What would you say to people who find meal prepping daunting?
It’s way less daunting than trying to figure out what to eat when you hungry, busy, or spent after a long day! Meal prepping makes your life way easier, not harder!

What are some common meal prep faux pas?
There are a few:

Over-estimating how many meals you actually need and/or how well you’re going to stick to a plan. Wasting food is so frustrating, so it’s better to err on ‘reality’ rather than how good you are hoping you will be.
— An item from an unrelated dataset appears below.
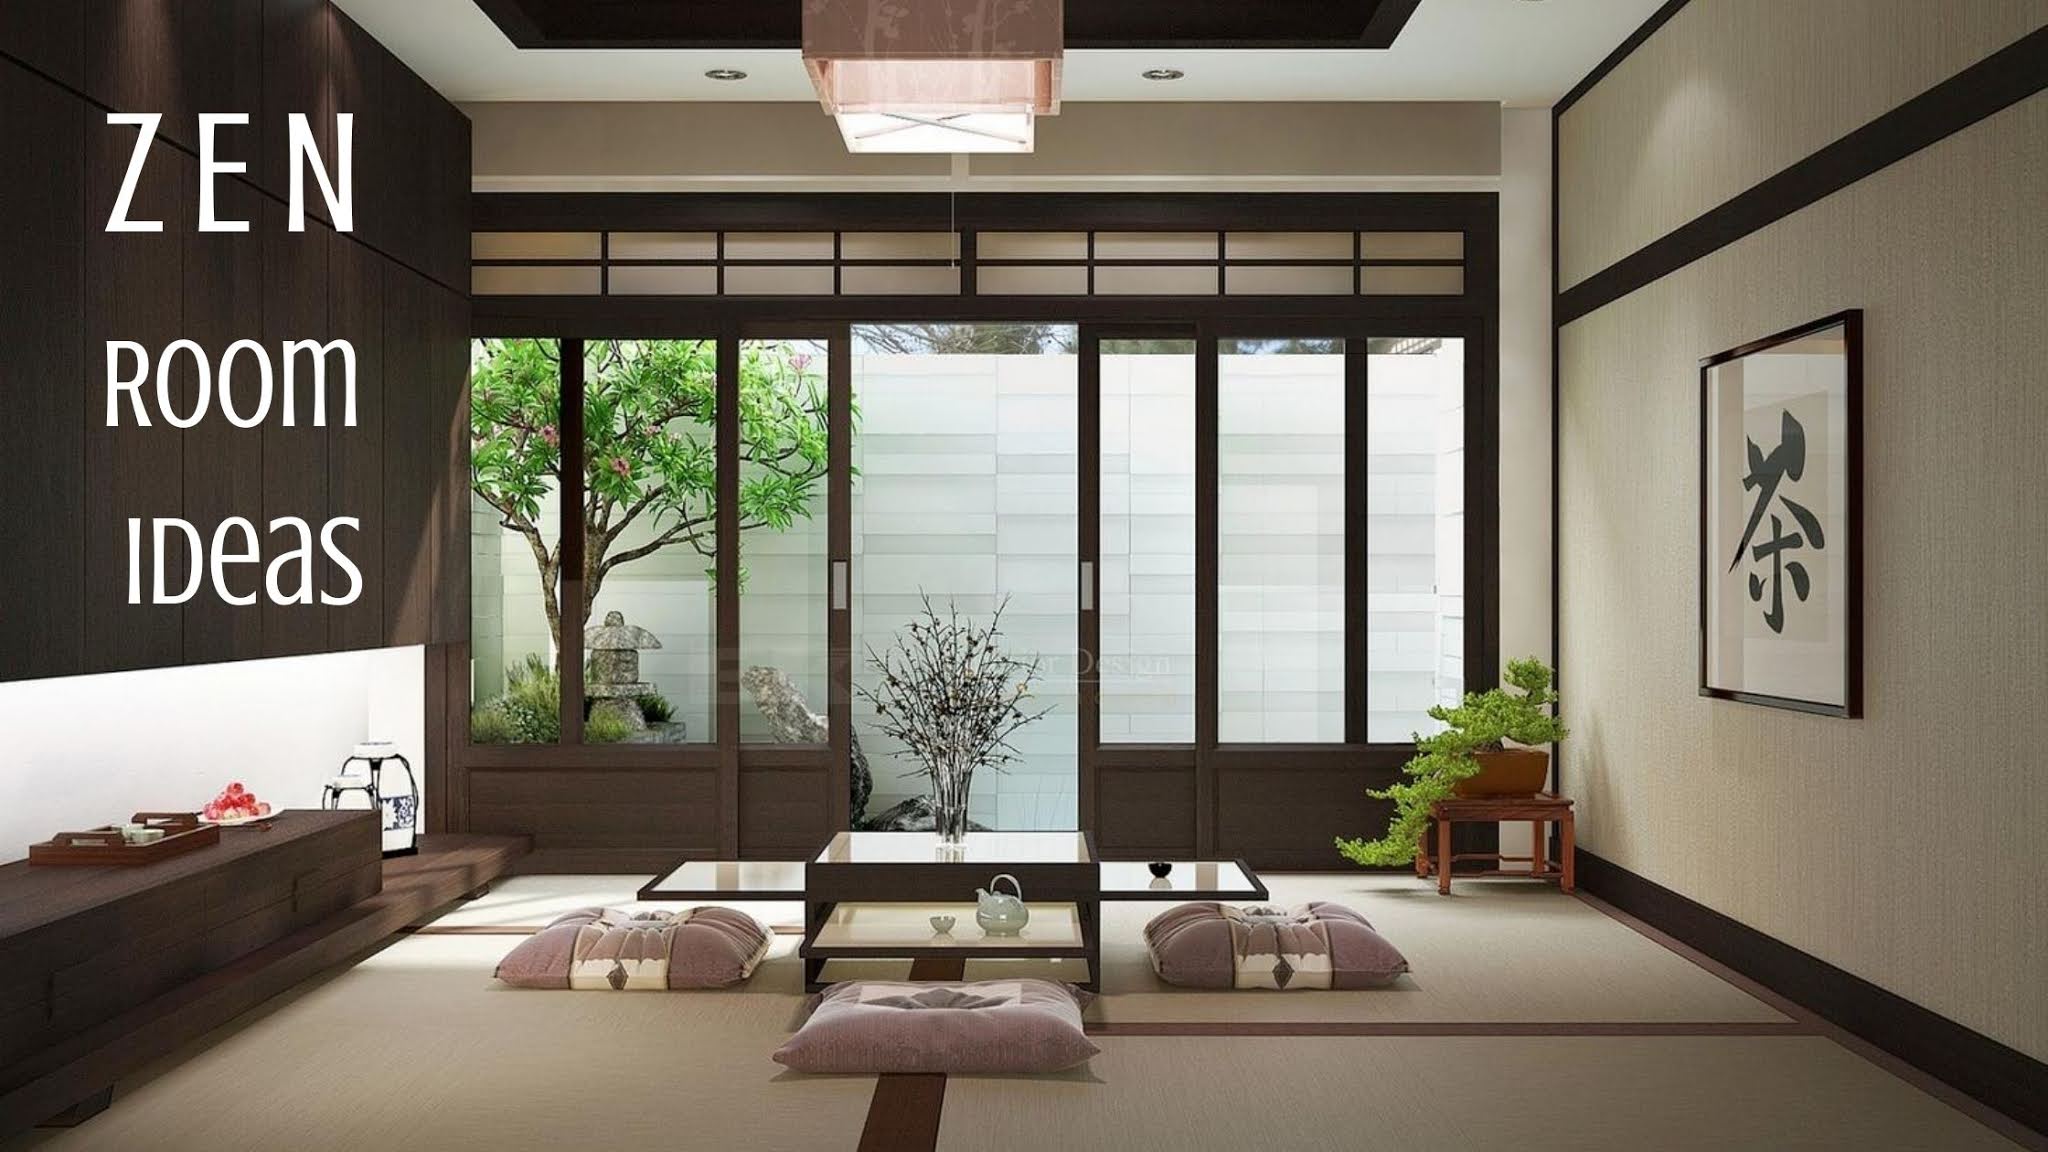 Zen Room Ideas
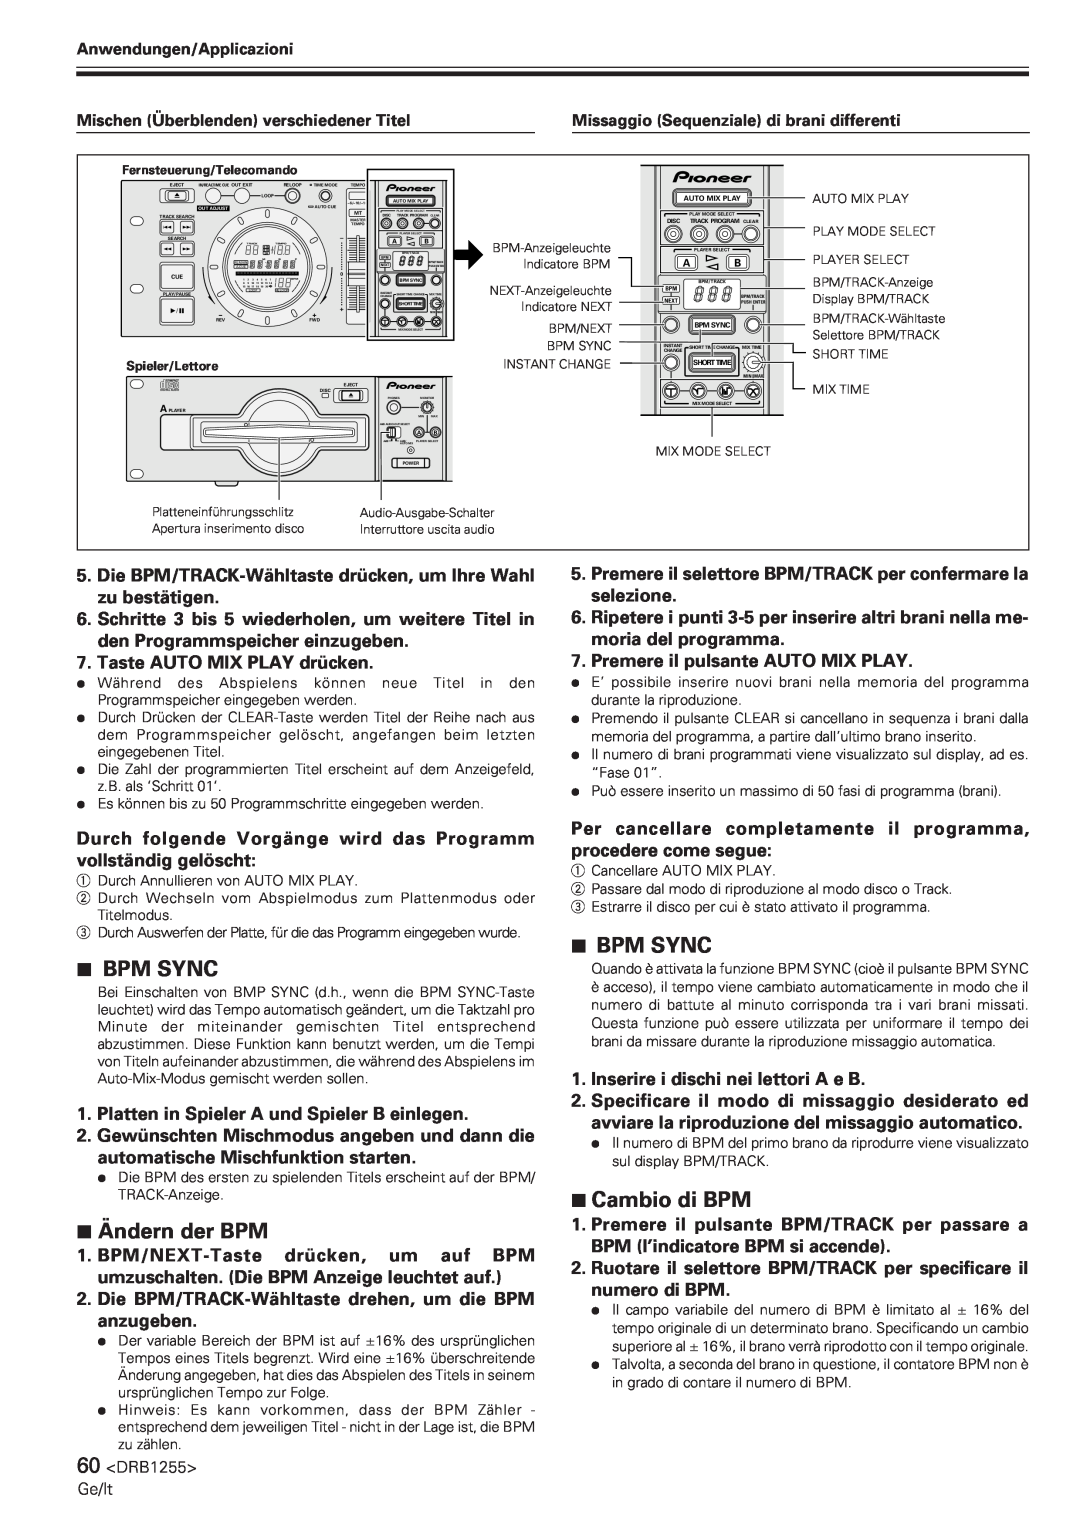 Pioneer CMX-5000 manual 7Ändern der BPM, 7Cambio di BPM, 7BPM SYNC

Trying to do many new things at once. You’ll burn yourself out after a week and give up.

Not taking into account your family’s preferences. There’s nothing worse than putting effort into a great meal, and have your kids opt for a bowl of cereal.

Doing it all yourself!! Stop being a martyr, and get your family involved! My kids have been making their own launches since kindergarten—not only a great life hack, but it instills independence and healthy eating habits at an early age!

How can we make meal prep fun?
Get someone else involved. You could try finding a buddy to prep with, such as a lunch buddy at work—you prep for two people, but then only have to make a lunch every other day.

What are you tips for making easy healthy meals?
Buy the best and freshest ingredients you can. They are way more flavourful, which means a) it won’t feel like your healthy eating habits are a compromise, and b) you actually don’t have to eat as much to feel satisfied.

How do we develop the habit of meal planning without being too strict about it that we end up finding it a burden?
Base your plan in reality and give yourself a break. Food should not be associated with guilt.